- **EXERCISE GOAL**
Your reply should reproduce each line below exactly and carry none of the pictures.

- **PROVIDED MATERIAL**
******
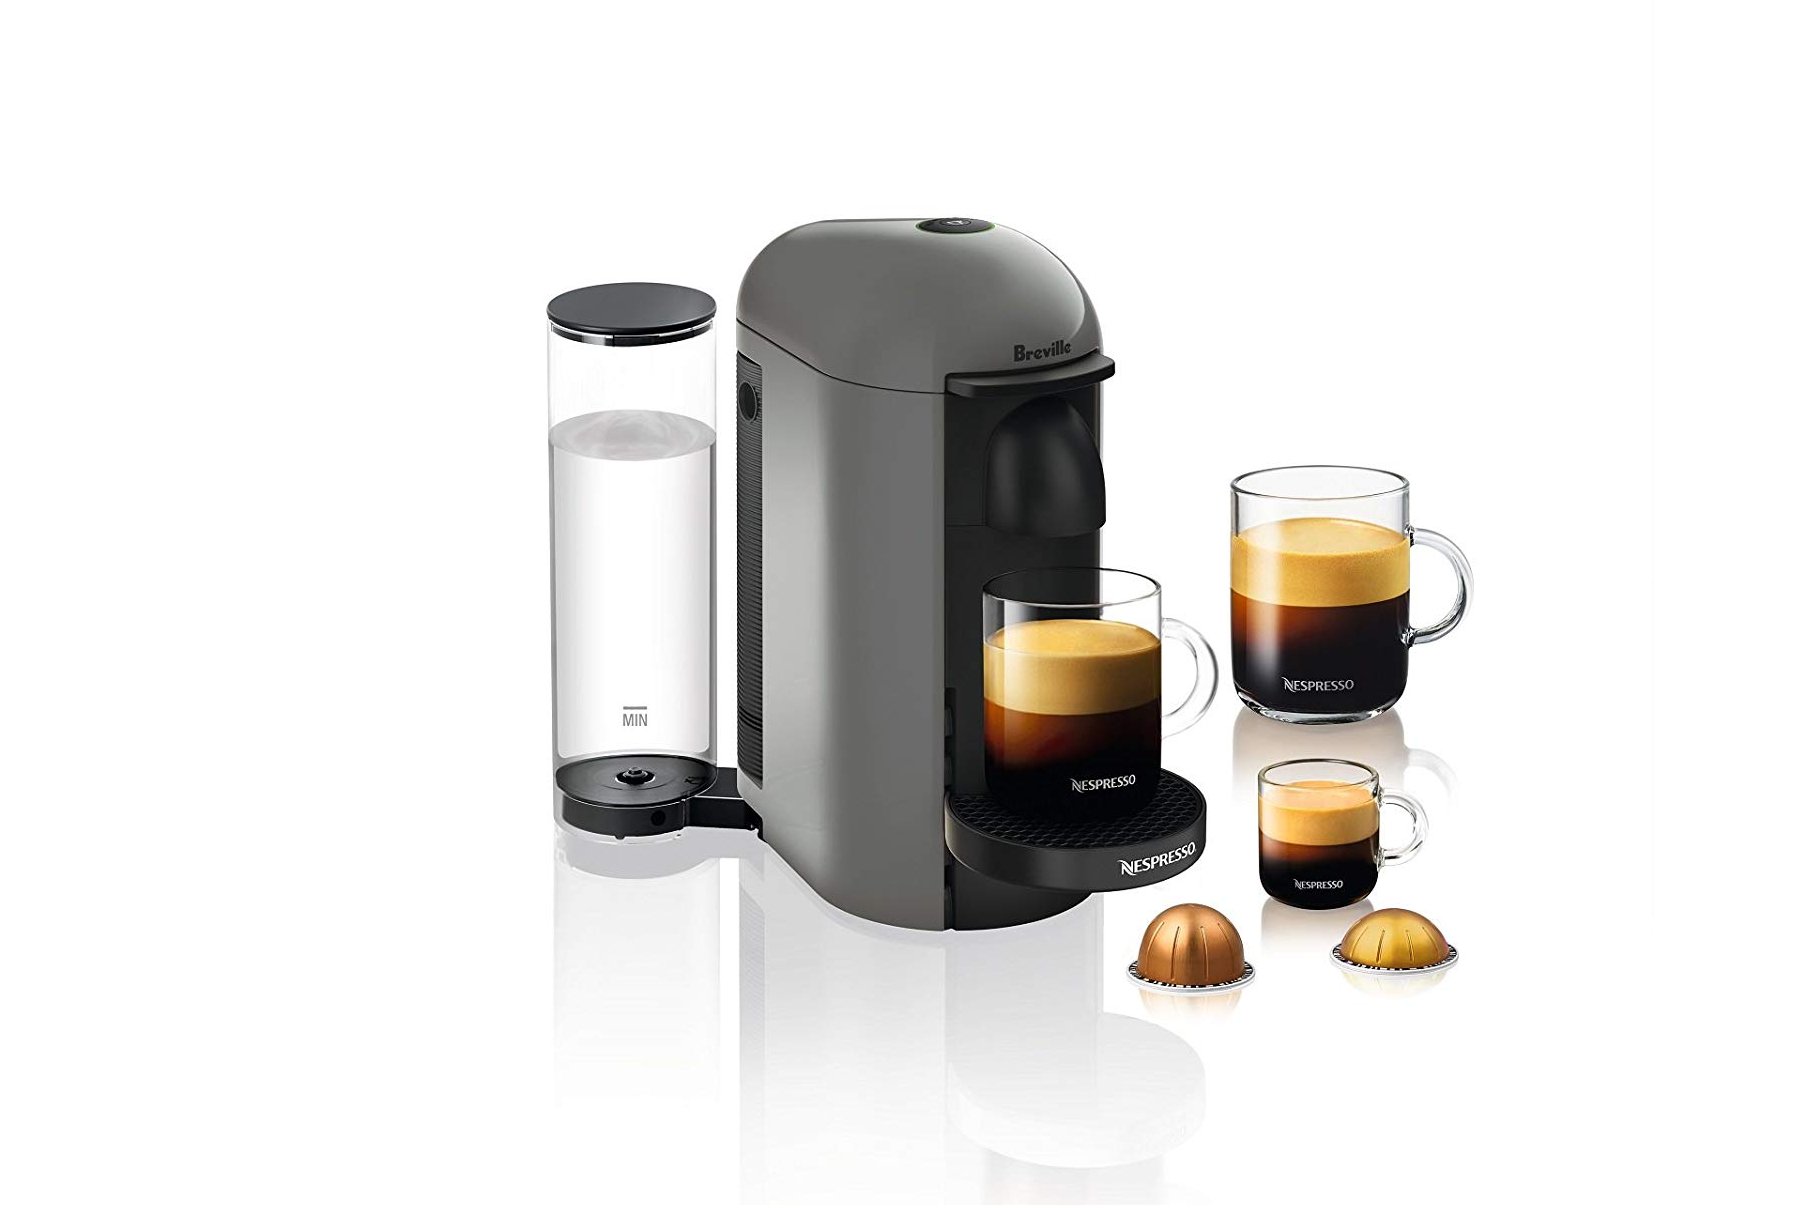 https://www.digitaltrends.com/wp-content/uploads/2019/12/breville-bnv420gry1buc1-vertuoplus-coffee-and-espresso-machine-in-gray-1.jpg?p=1
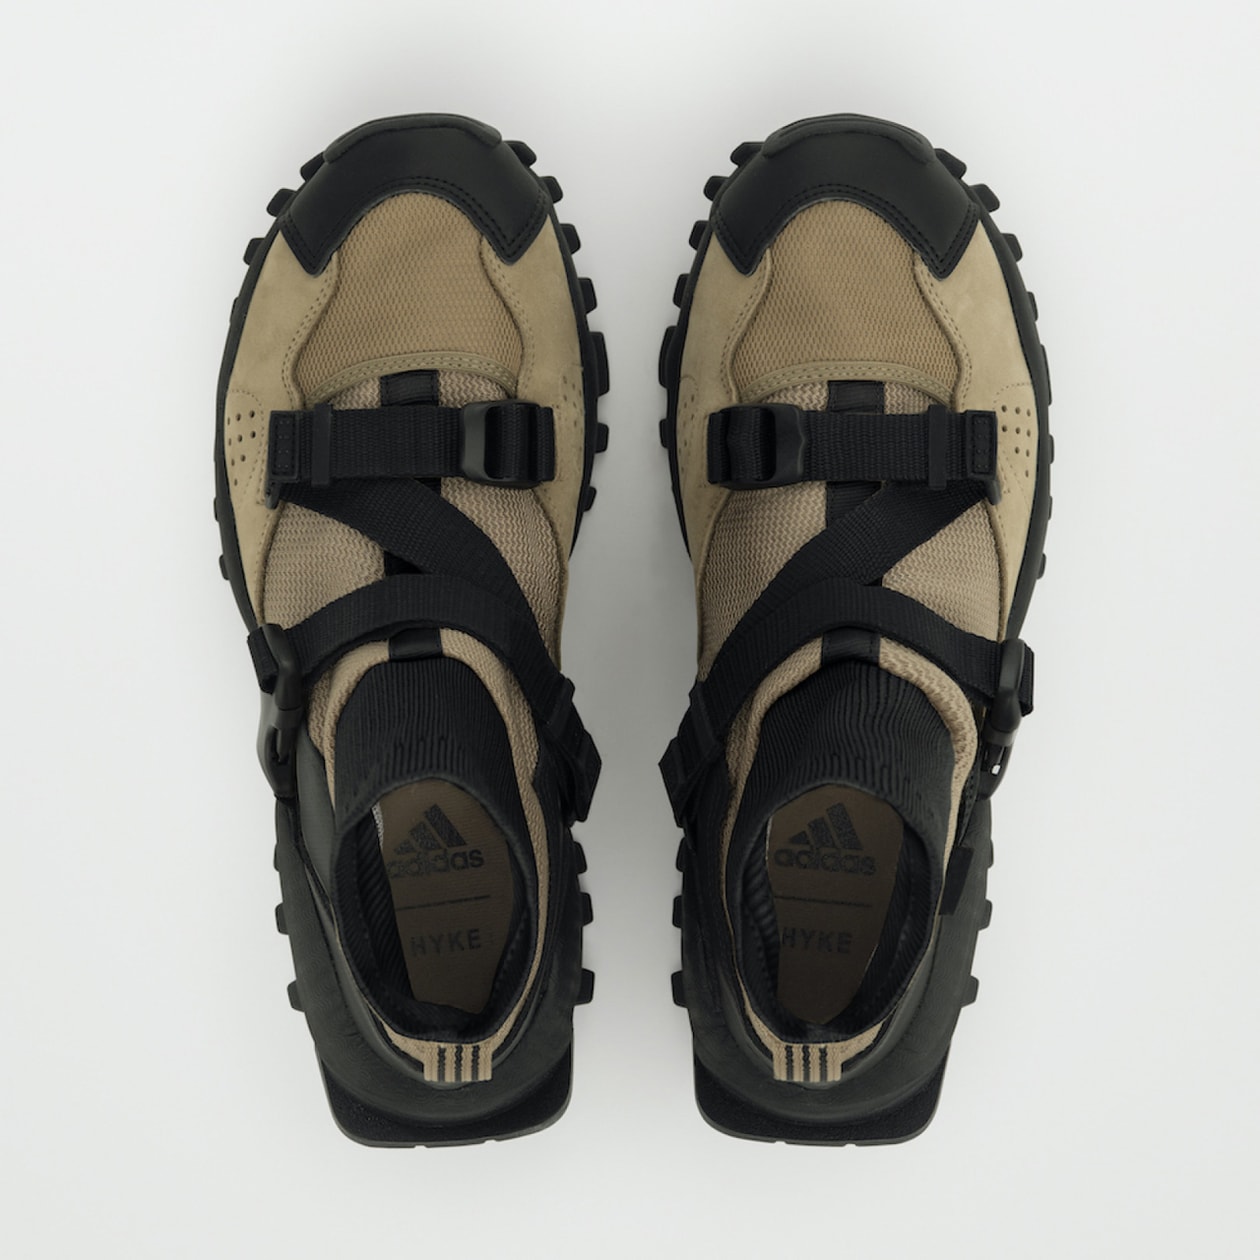  HYKE x adidas Originals Collaboration Fall/Winter 2020 Collection Sneaker FYW XTA Hiking Shoe Black Tan
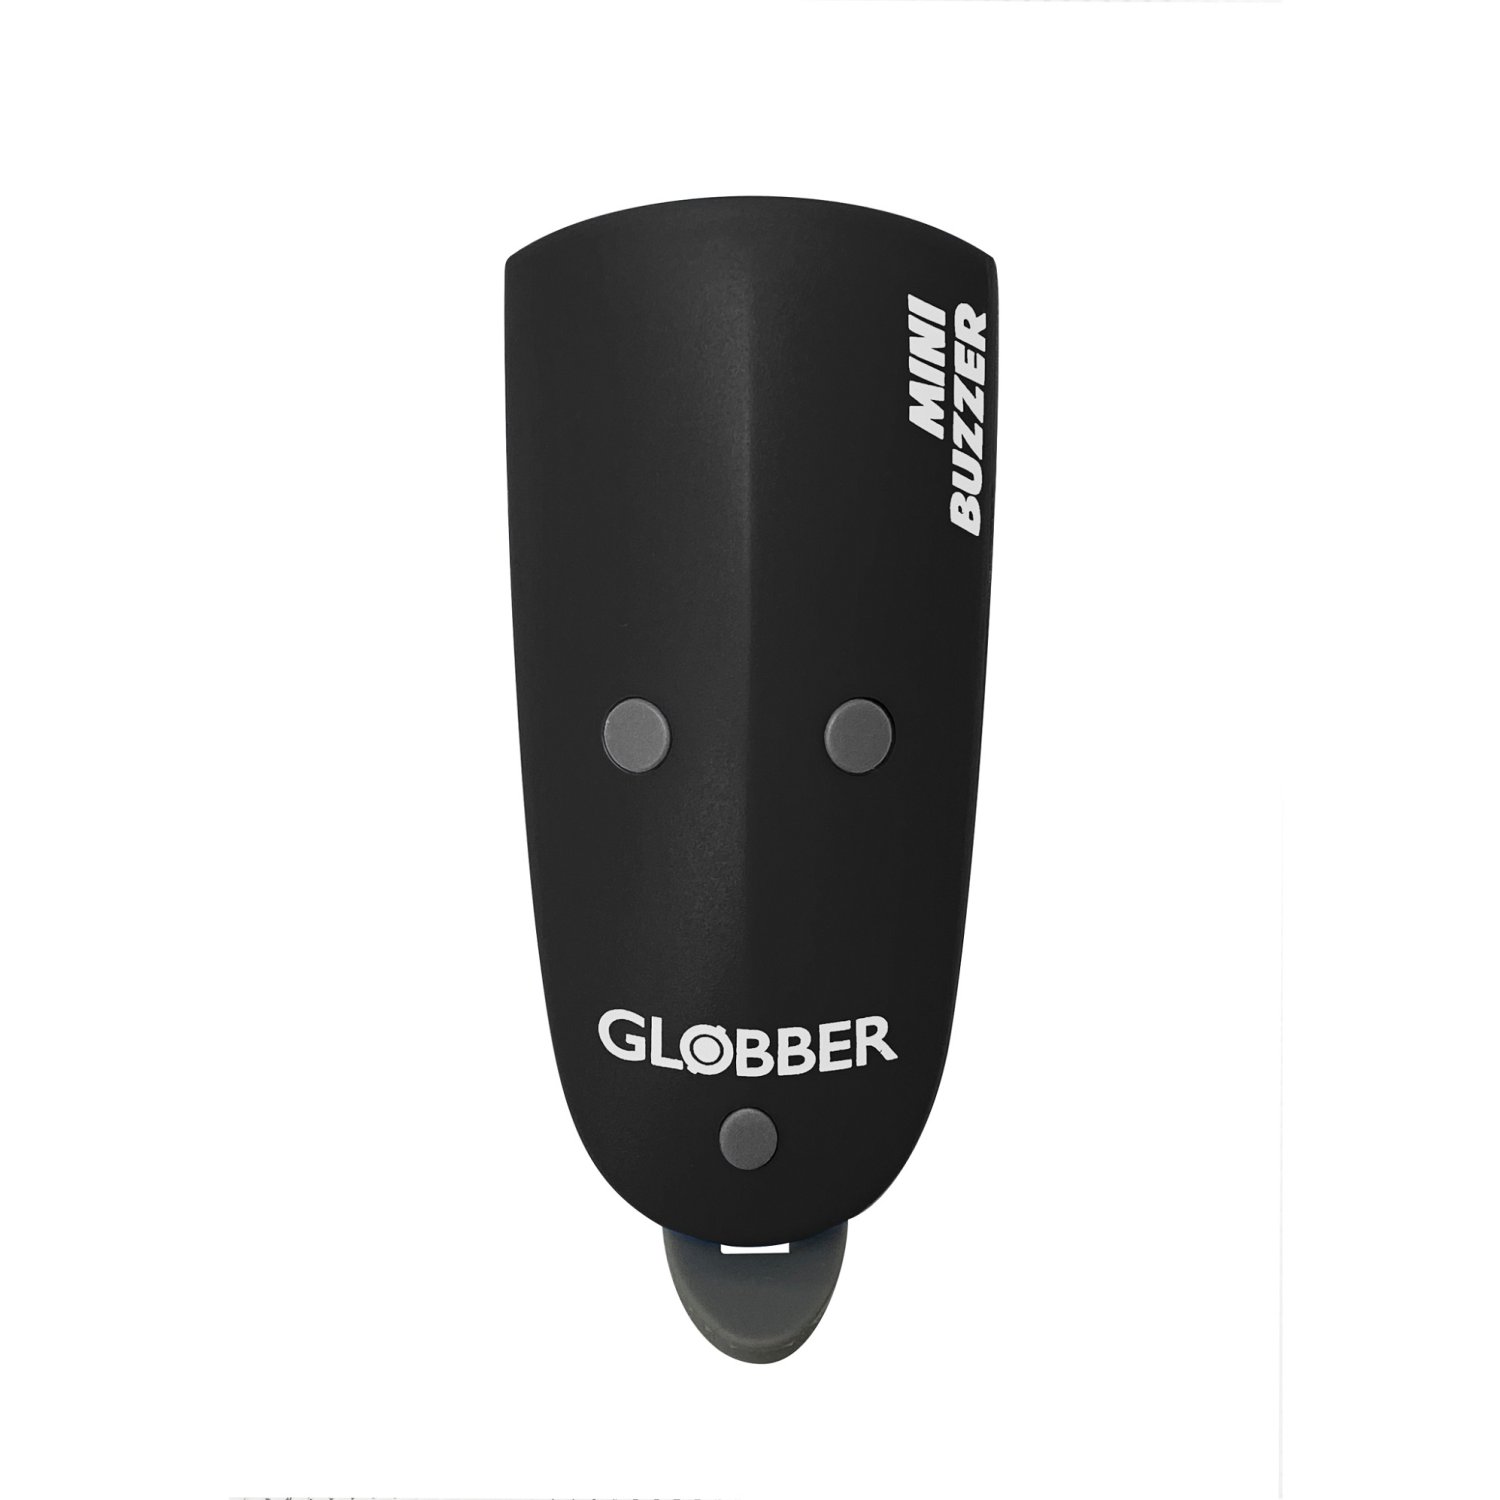 Звонок-фонарик велосипедный Globber MINI BUZZER, черный, 530-120 10pcs 0905 3v 5v 12v active alarm buzzer beeper 9 5 5mm tmb09a05 3 5 12 v mini active piezo buzzer fit for aduino diy electronic
******
- **YOUR RESPONSE**
 https://www.digitaltrends.com/wp-content/uploads/2019/12/breville-bnv420gry1buc1-vertuoplus-coffee-and-espresso-machine-in-gray-1.jpg?p=1
  HYKE x adidas Originals Collaboration Fall/Winter 2020 Collection Sneaker FYW XTA Hiking Shoe Black Tan
 Звонок-фонарик велосипедный Globber MINI BUZZER, черный, 530-120 10pcs 0905 3v 5v 12v active alarm buzzer beeper 9 5 5mm tmb09a05 3 5 12 v mini active piezo buzzer fit for aduino diy electronic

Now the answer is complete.